While implementing K-shape clustering(#2661) I noticed that our implementation for the sbd_distance differs slightly from how tslearn handles it.

This doesn't matter for univariate series but for multivariate series we do see differences.

sbd_distance: finds the distance for each channel independently and then takes its average
normalized_cc: finds the correlations for each of the channels and then sums the max of each channels, and then normalizes using the norm of the the entire multivariate series.
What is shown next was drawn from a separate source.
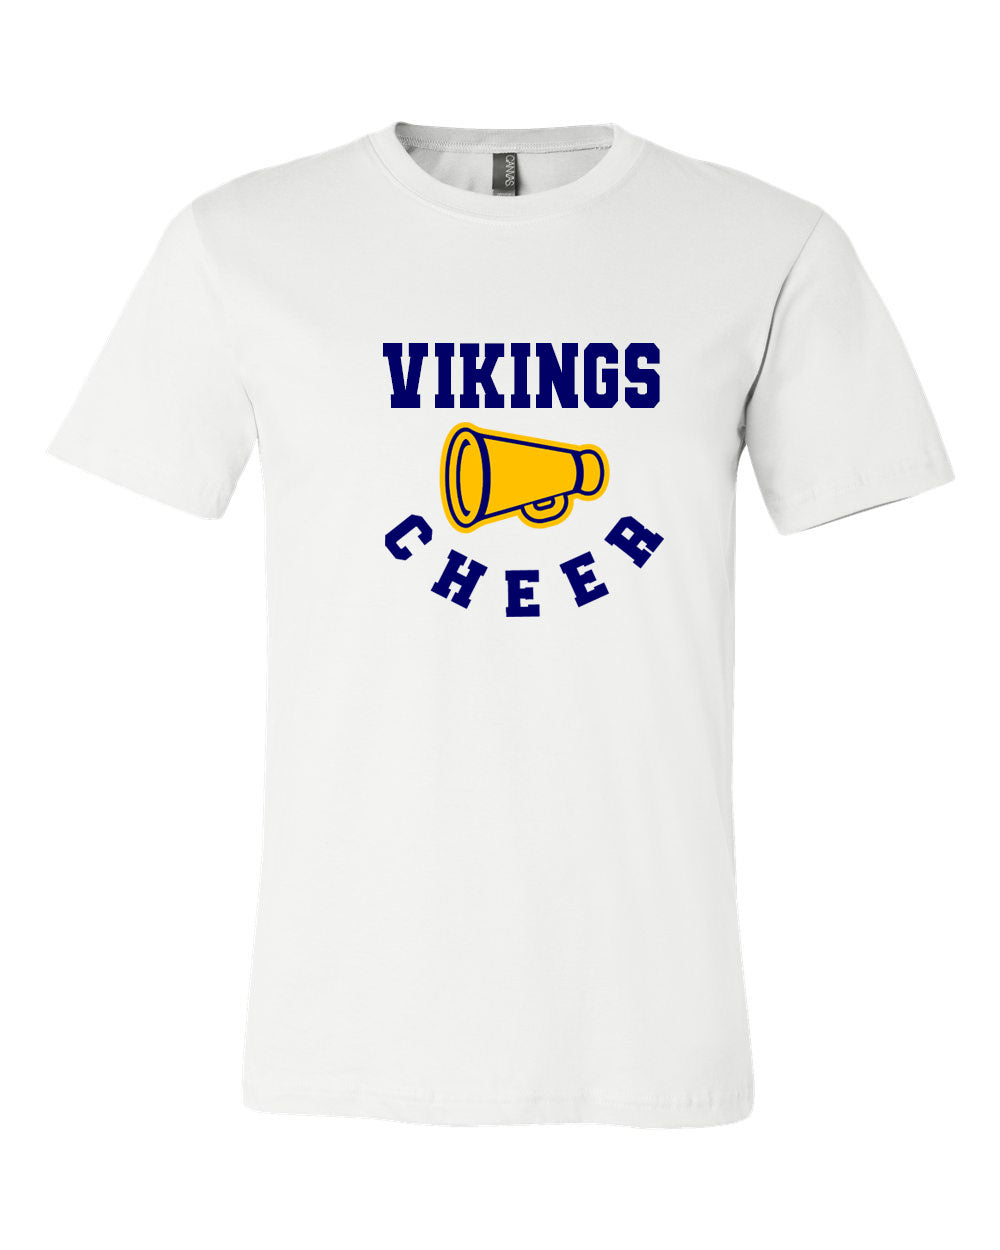 Vikings Cheer design 13 t-Shirt

I found another implementation of kshape online, one of its contributors is the original author of the kshapes paper (https://dl.acm.org/doi/pdf/10.1145/2723372.2737793). They handle this the same way as tslearn. https://github.com/TheDatumOrg/kshape-python

I am not sure if this is an intentional choice but this changes the final clustering output.
If we use aeon's sbd distances for k-shape clustering we will have to change the test cases to reflect the same, but then we wouldn't have something to compare it against.

Steps/Code to reproduce the bug

import numpy as np
from aeon.distances import sbd_distance
from tslearn.metrics.cycc import normalized_cc

# Multivariate time series
np.random.seed(1)
x = np.random.rand(6, 100)
y = np.random.rand(6, 100)
a = sbd_distance(x, y, standardize=False)
print(x.shape, y.shape)

z = np.transpose(x, (1, 0))
w = np.transpose(y, (1, 0))
b = 1.0 - normalized_cc(z, w).max()
print(a, b)


# Univariate time series
np.random.seed(1)
x = np.random.rand(1, 200)
y = np.random.rand(1, 200)
print(x.shape, y.shape)

a = sbd_distance(x, y, standardize=False)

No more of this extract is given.